I maintain Autoit project used for automated testing of swing app. Those tests have now about 70 files. It's get pretty hard to maintain all this code without following some "best practices" I'm trying to create as much functions as possible (because of duplicate code) and constants (frequent changes) bud it doesn't seem enough.
I have generally this types of functions:
AutoIt does not have classes => no inheritance => OOP principles are hard to aplicate ( :D clearly)
Does somebody have some experince with larger applications written in AutoIt? My opinion is, that AutoIt is for scripts < 500 lines and it wasn't good choice for this big project.
It's a shame, that AutoIt doesn't have some useful IDE.
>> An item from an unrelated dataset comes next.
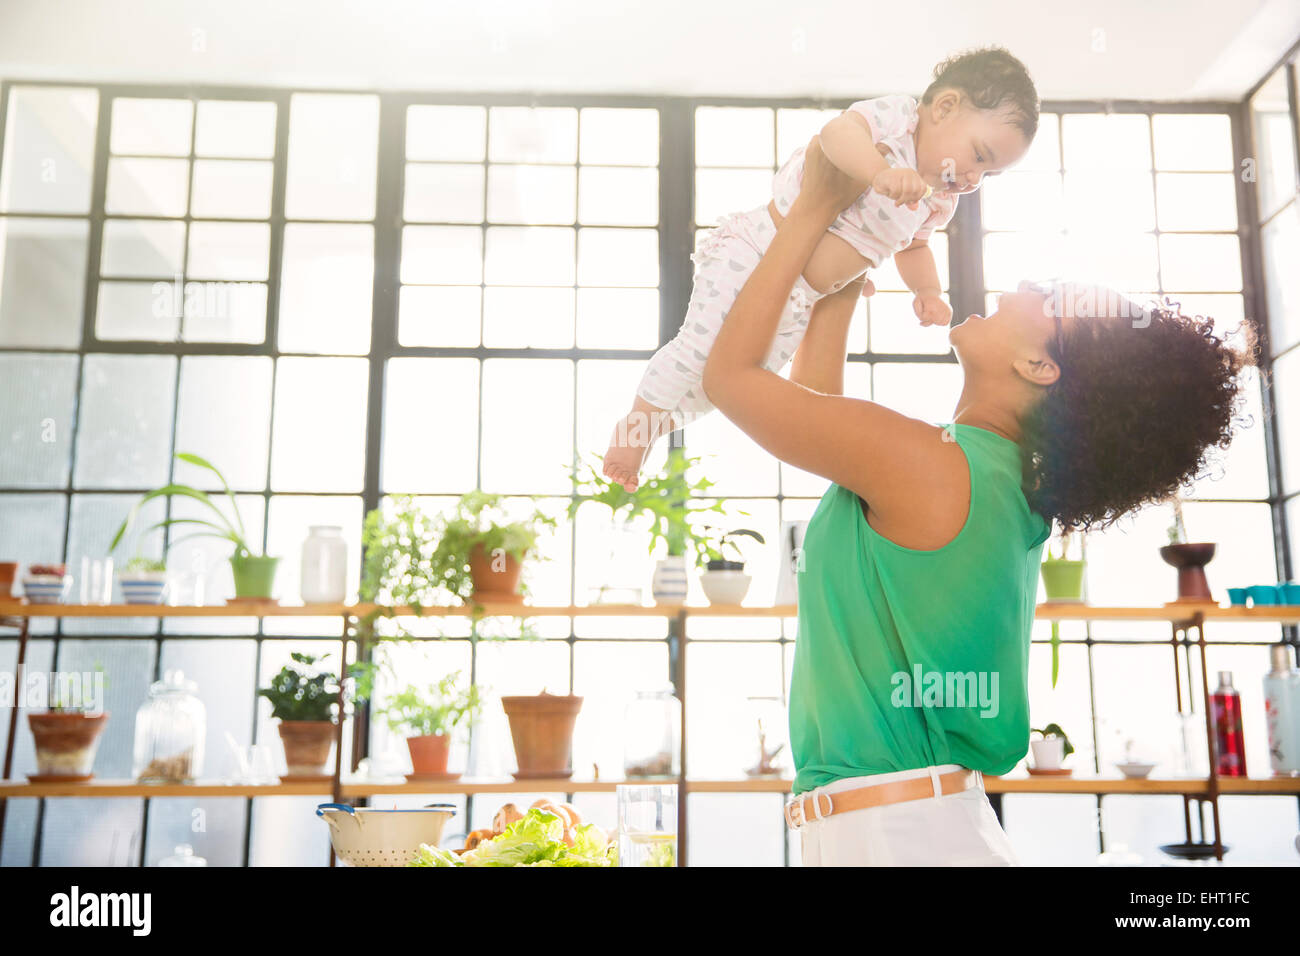 Mother lifting her daughter overhead Stock Photo
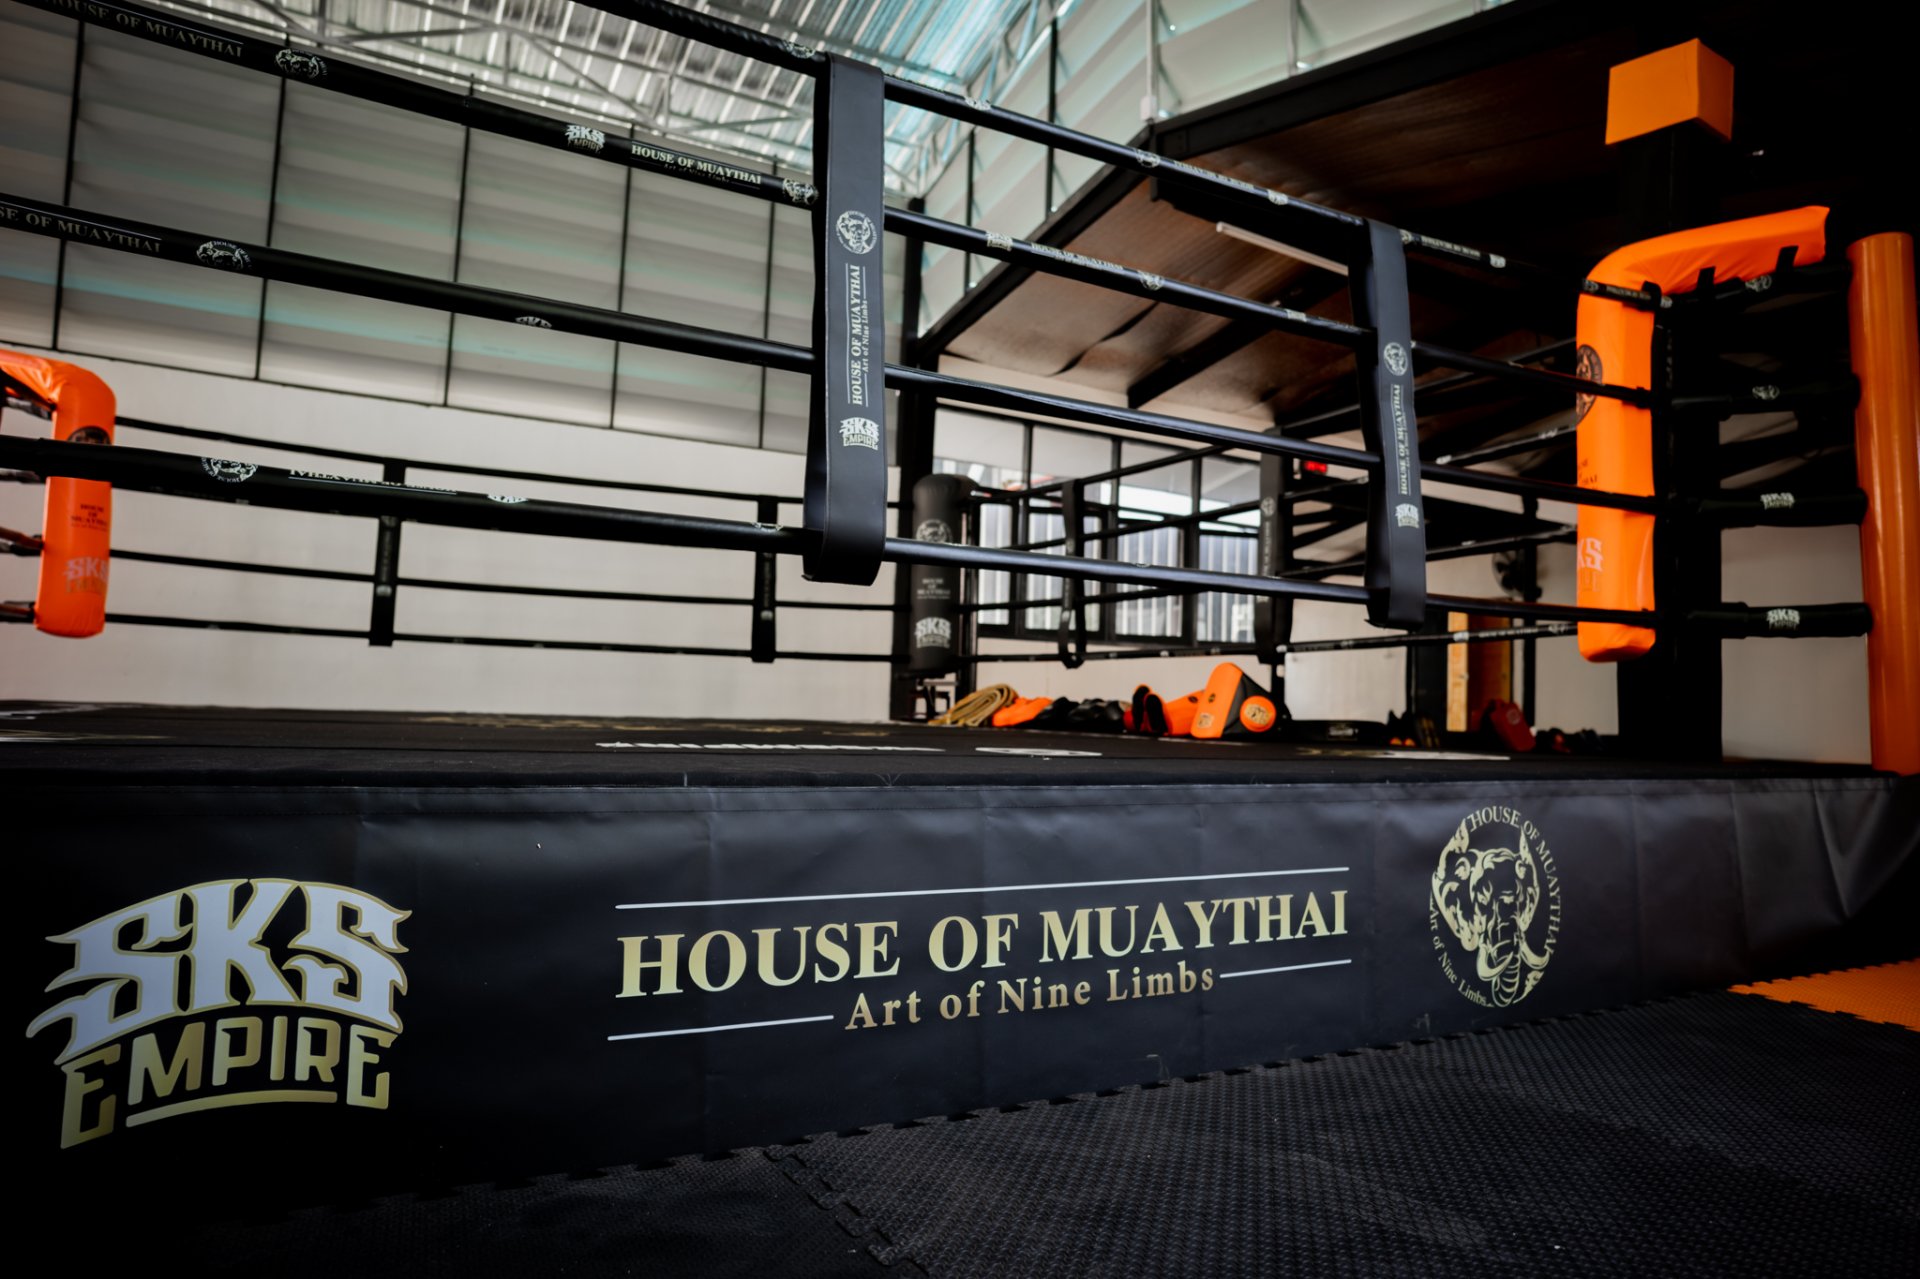 The House of Muay Thai

AutoIt developers want to make sure that any functions written in AutoIt that are part of the core library (in short: UDFs) are subject to a certain code style. You can find this standard here: http://www.autoitscript.com/autoit3/udfs/UDF_Standards.htm Many programmers in the community write all AutoIt code in this standard.
On the subject of IDE. SciTE is a time-tested code editor, but as IDE it performs adequate. There are two other IDEs which are developed and maintained by the community:
A graphical debugger (F10 step next functionality) http://www.autoitscript.com/forum/topic/21834-graphical-autoit-debugger/
ISN AutoIt studio http://www.autoitscript.com/forum/topic/136766-isn-autoit-studio/
The last one is fairly new, but it looks extremely promising and it may work better for your project.
Finally, I have a note of warning. You say "OOP principles are hard to apply", but even as an OO programmer you should have a strong core idea of how to write non-OO code before you even learned OOP. Most OO languages are imperative at their core, so you should be an excellent imperative coder already. AutoIt is imperative as well.
A useful IDE will not solve your problems! But it will make them slightly easier to manage.
I don't know where you heard that AutoIt only performs well for scripts for under 500 lines, but every time you #include one of the default libraries you are adding ~10000 lines of code. If you can write proper code, you will build your own libraries without adding complexity to the rest of your code.